*INSTRUCTIONS TO FOLLOW*:
Exact copies of the lines below are the goal; any images in them are dropped.

*INFORMATION PROVIDED*:
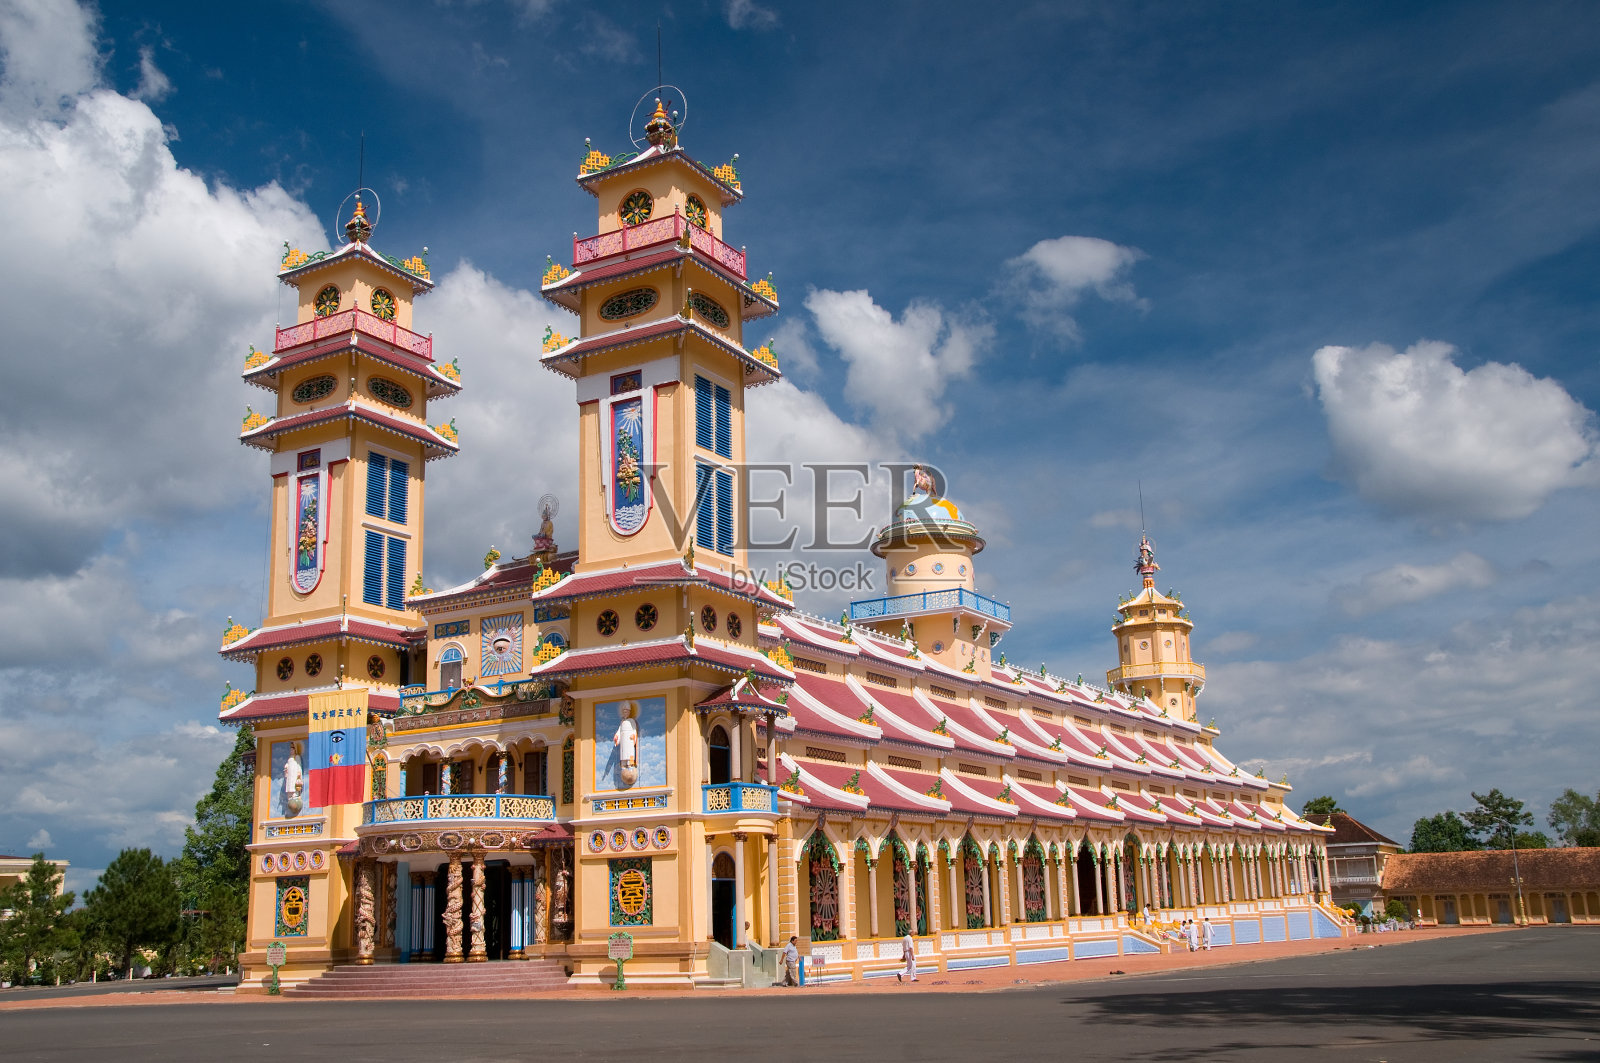 越南胡志明市附近的大宁寺高台寺照片摄影图片
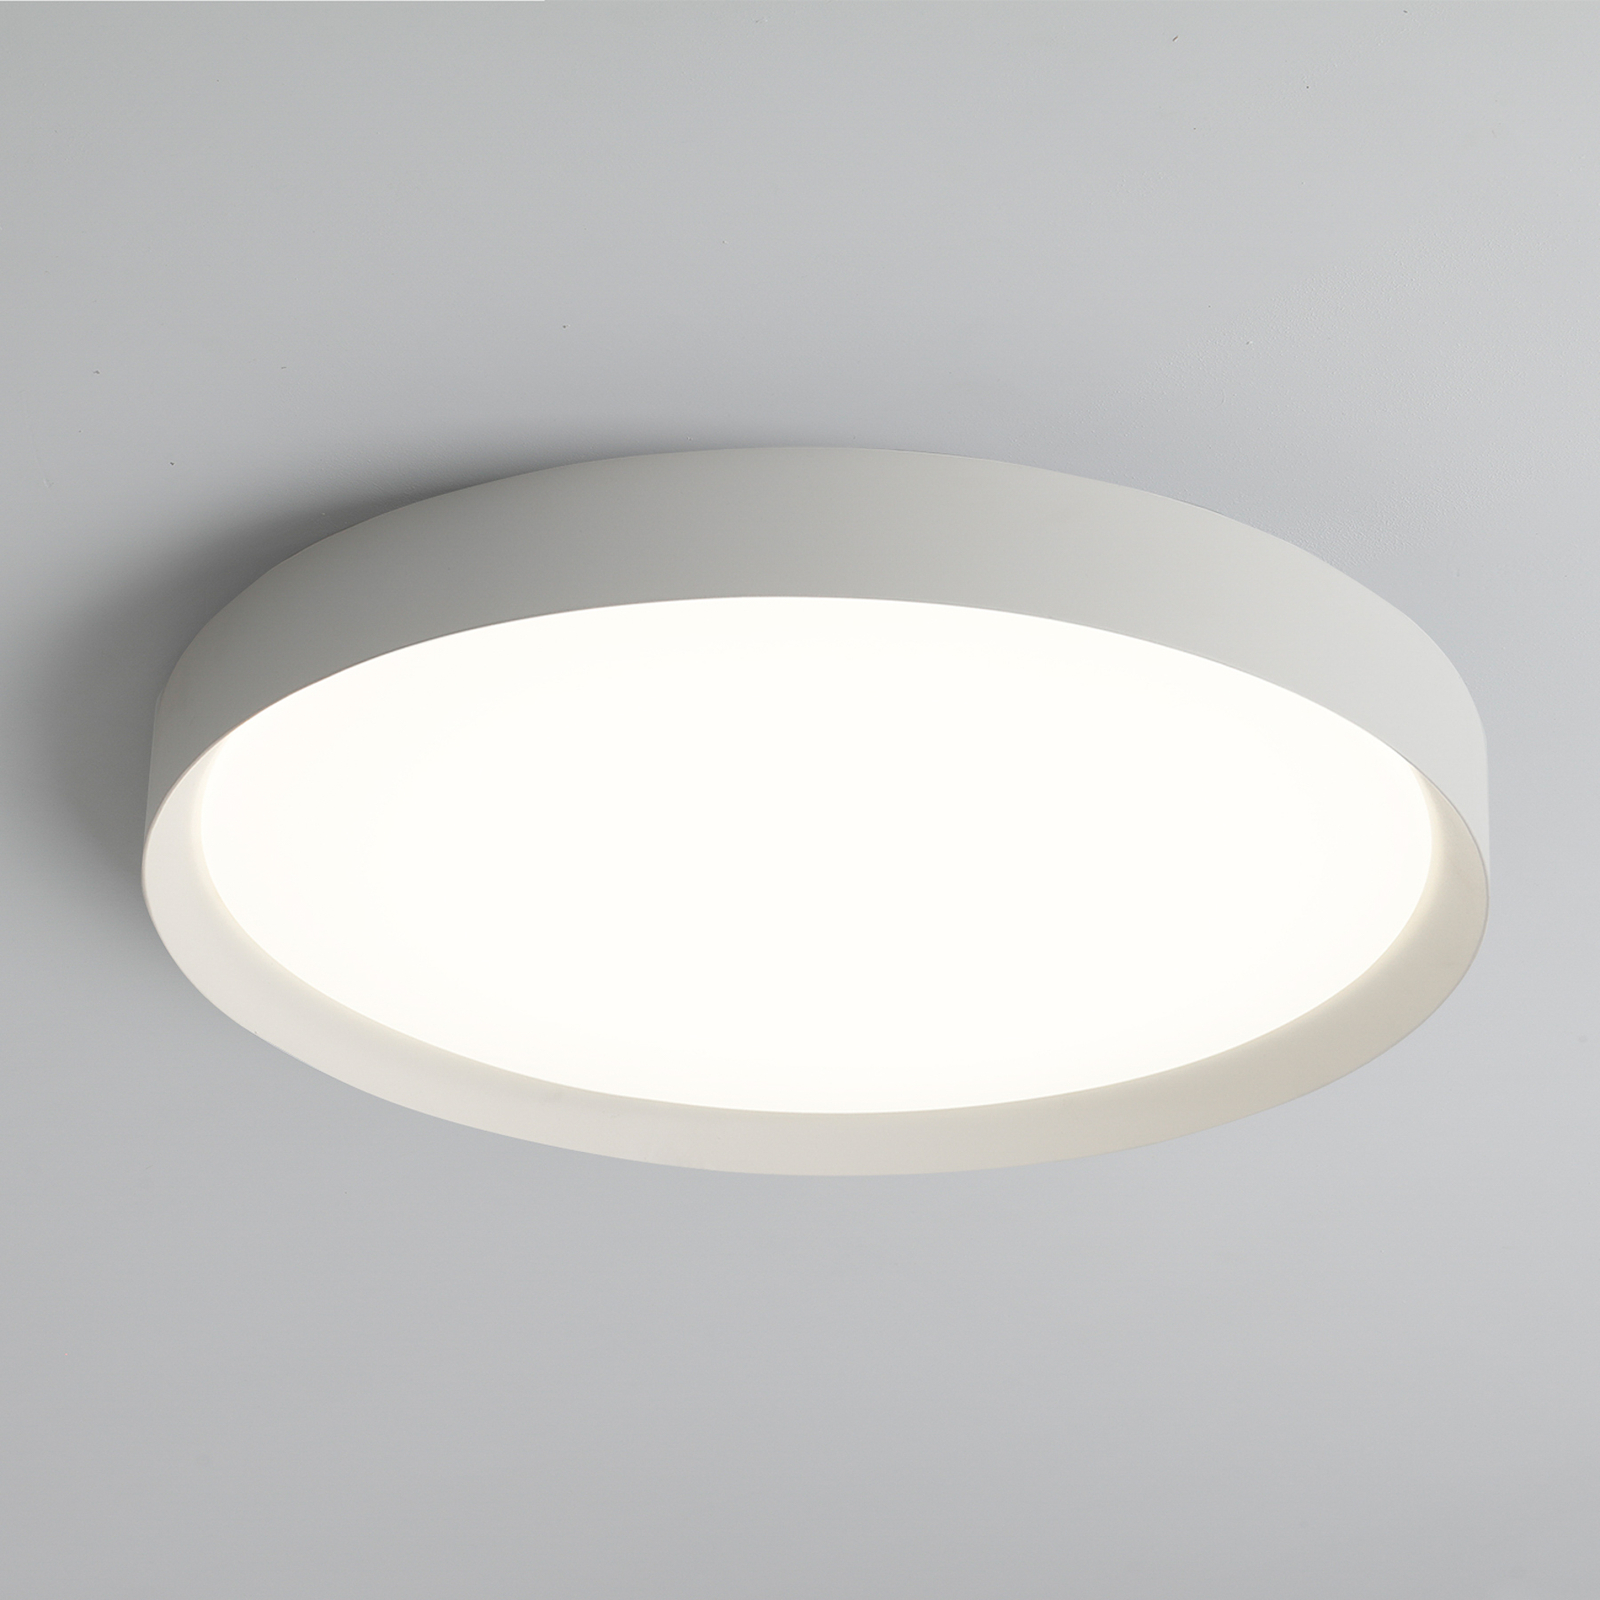 Plafoniera LED Minsk, Ø 60 cm, Casambi, 42 W, bianco
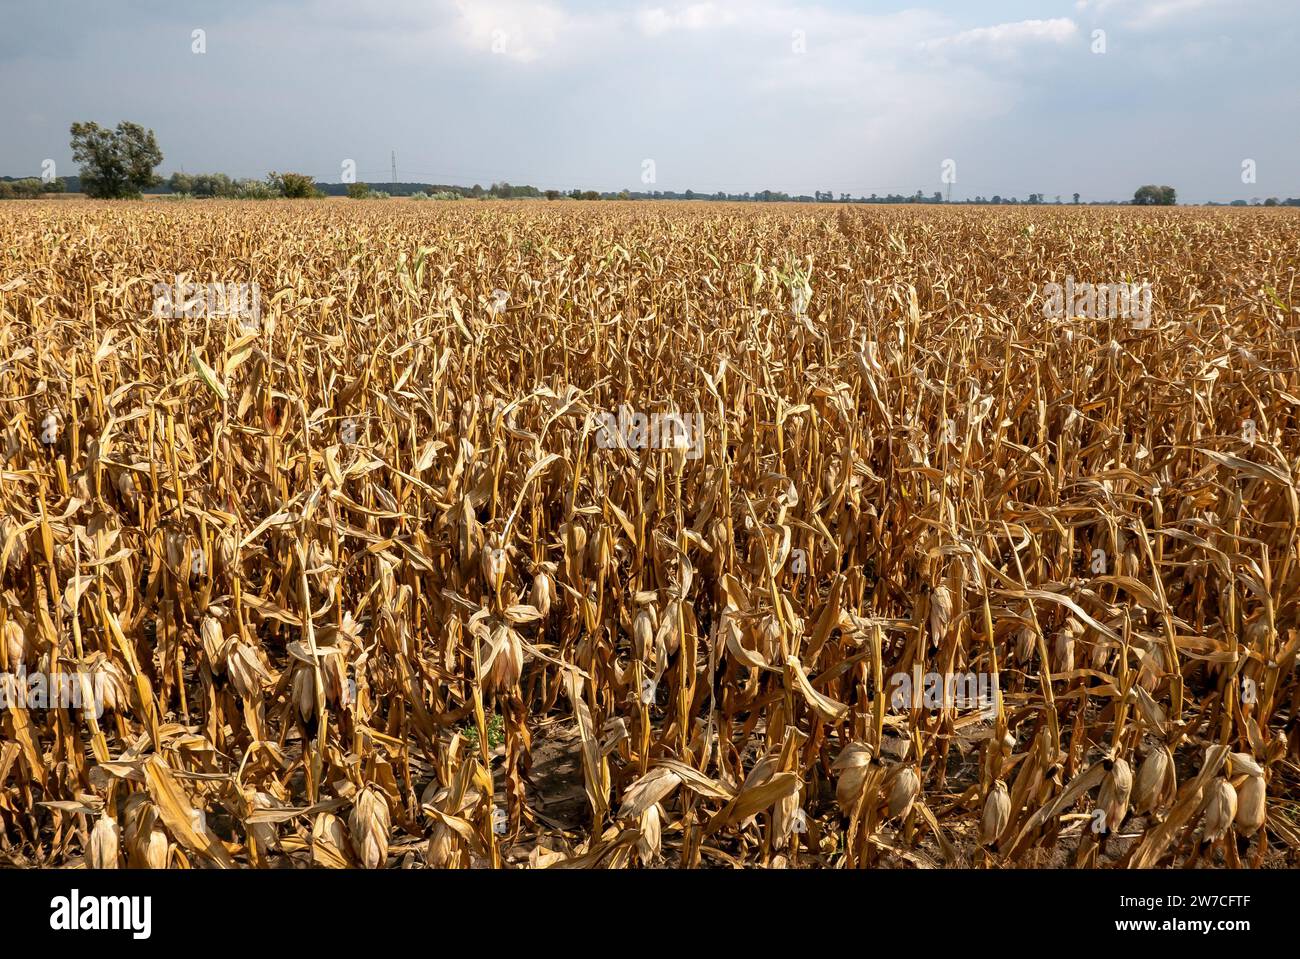 15.09.2018, Poland, Szewce, Wielkopolska - Dried out corn field after a summer with a long drought. 00A180915D117CAROEX.JPG [MODEL RELEASE: NOT APPLIC Stock Photo
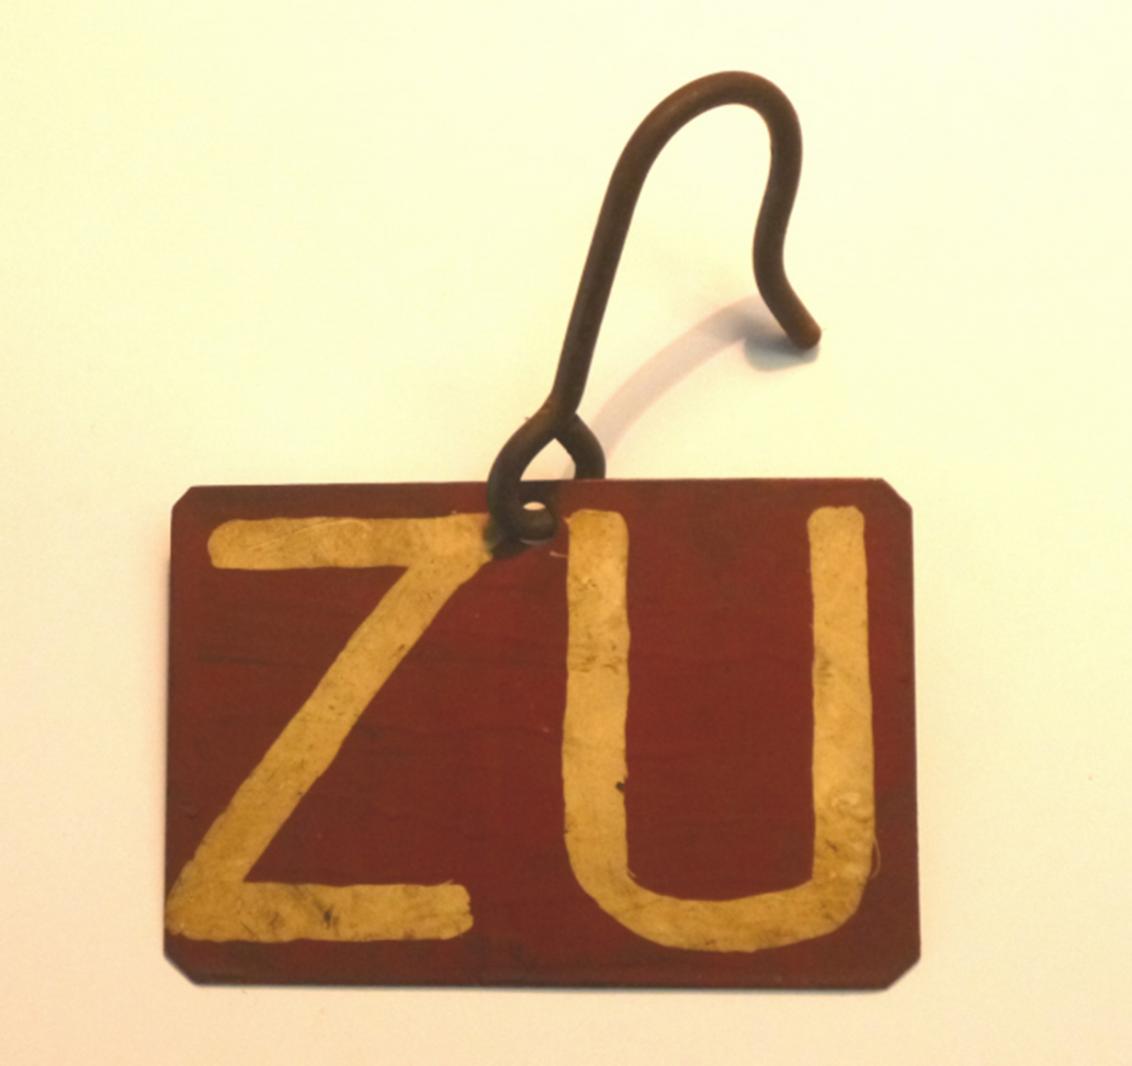 Braunrot in mehreren Schichten lackiertes Metallschild mit der Aufschrift "ZU". Die Ecken des rechteckigen Metallplatte sind abgeschnitten.

*OUTPUT*:
 越南胡志明市附近的大宁寺高台寺照片摄影图片
 Plafoniera LED Minsk, Ø 60 cm, Casambi, 42 W, bianco
 15.09.2018, Poland, Szewce, Wielkopolska - Dried out corn field after a summer with a long drought. 00A180915D117CAROEX.JPG [MODEL RELEASE: NOT APPLIC Stock Photo
 Braunrot in mehreren Schichten lackiertes Metallschild mit der Aufschrift "ZU". Die Ecken des rechteckigen Metallplatte sind abgeschnitten.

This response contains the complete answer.